Fear of movement (kinesiophobia) seems to be insufficiently investigated in the context of the COVID-19 pandemic. Most commonly, it is assessed in patients with musculoskeletal pains, spinal pains, degenerative changes in peripheral joints and chronic diseases (3436). It may contribute greatly to decreasing PA levels and, consequently, to increasing the risk of occurrence of musculoskeletal disorders and chronic diseases (diabetes, cardiovascular diseases) (37). Based on the literature review, Alpalhão et al. (38) noted that kinesiophobia is one of the most important factors determining PA levels.

The study aimed to assess the levels of PA and kinesiophobia in students from two countries in which different approaches to the COVID-19 pandemic were adopted. In Poland, a lot of restrictions were introduced, whereas a completely different approach was favoured in Belarus. Bearing in mind that, from the point of view of mental health, young people (including students) and women may be more susceptible to negative effects of the COVID-19 pandemic (39), the current study sought to assess the levels of PA and kinesiophobia in medical students from Poland and Belarus taking into consideration gender. It involved finding out what (if any) correlations there are between these variables.

2. Materials and methods

2.1. Participants

The study was carried out on medical students from Poland and Belarus. A purposive sampling method was employed—the number of participants and gender distribution were similar in both groups. A total of 779 respondents (374 students from John Paul II University of Applied Sciences (ABNS) in Biala Podlaska, Poland, and 405 students from University of Grodno (UG), Belarus) took part in the study. In both study groups, women (W) constituted the majority of participants. Taking into consideration the age of the respondents, students from UG were younger (Table 1). It stems from the fact that in Poland, students complete their secondary education and begin higher education at a later age.

TABLE 1
www.frontiersin.org

Table 1. Characteristics of the study population taking account of the respondents’ age (N = 779).

2.2. Methods

A diagnostic survey as well as three research tools, i.e., the International Physical Activity Questionnaire (IPAQ)—short form, the Tampa Scale for Kinesiophobia (TAMPA) and the authors’ own questionnaire regarding respondents’ socio-demographic data were employed in the study. Due to the issues discussed, research results were analysed with regard to gender.

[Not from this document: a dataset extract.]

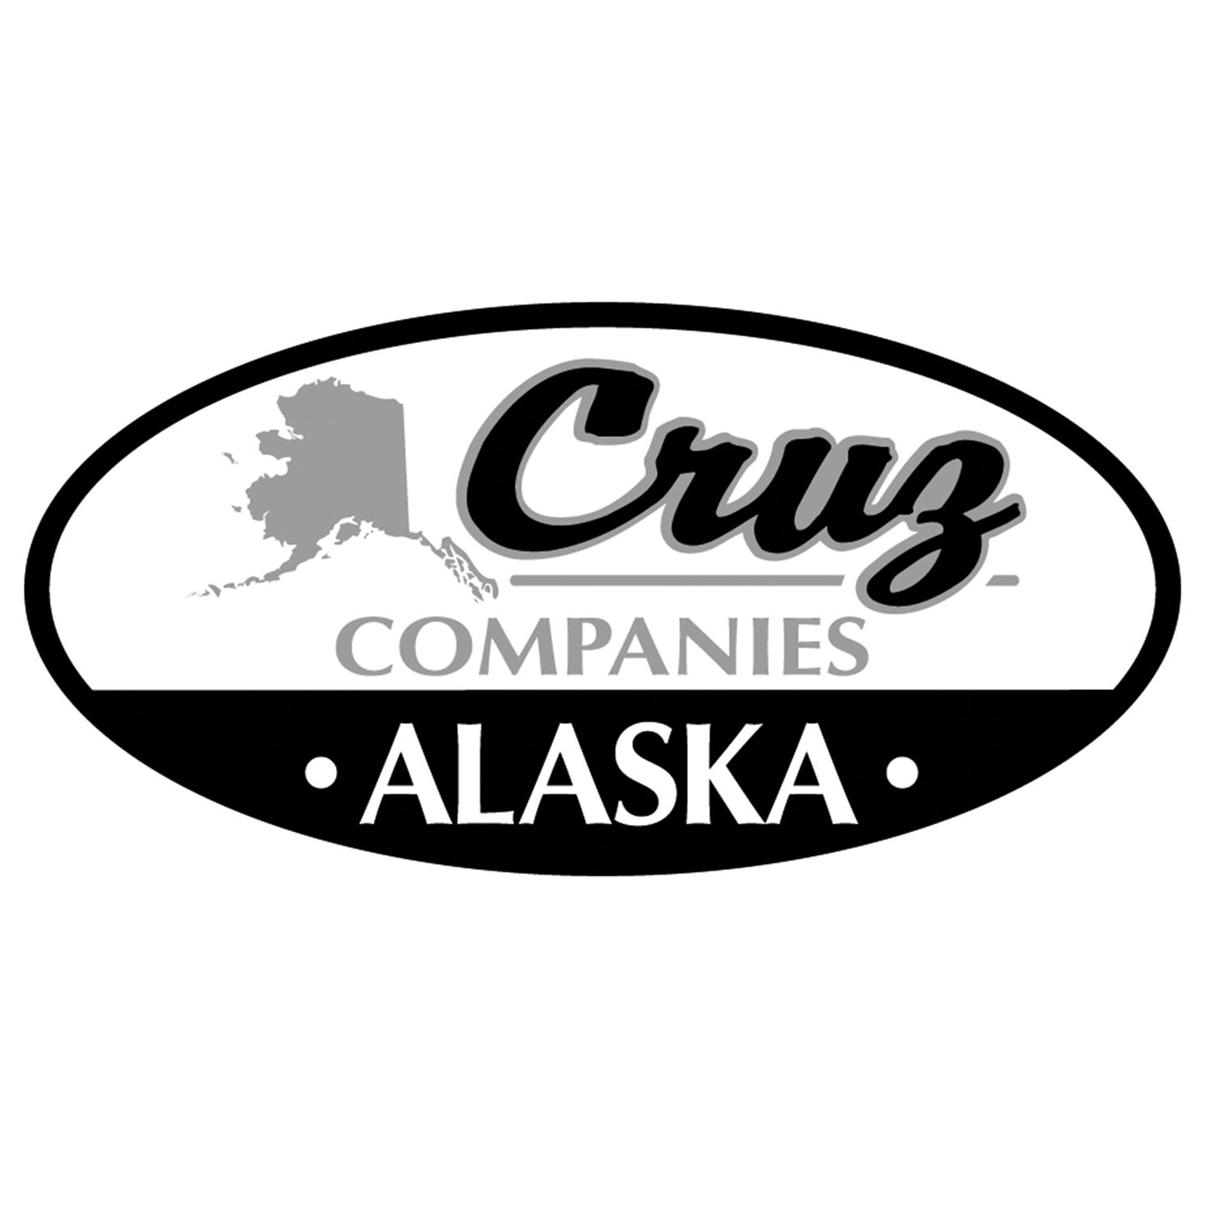 Cruz Companies

IPAQ short form consists of seven questions concerning types of PA which constitute elements of everyday life (moderate-to-vigorous PA, walking and time spent sitting). The questions refer to PA performed in the last 7 days. Activities done for at least 10 min at a time are taken into consideration. Total energy expenditure is calculated by multiplying frequency and duration of PA and corresponding intensity expressed in Metabolic Equivalent of Task (MET) units, followed by adding up the obtained results for all activities performed in the last 7 days. MET corresponds to an energy expenditure at rest with an oxygen uptake of 3.5 mL/min/kg of body mass. Three categories (levels) of PA were distinguished, i.e., high, moderate and low (40). In this study, the Cronbach’s alpha coefficient for IPAQ was 0.74.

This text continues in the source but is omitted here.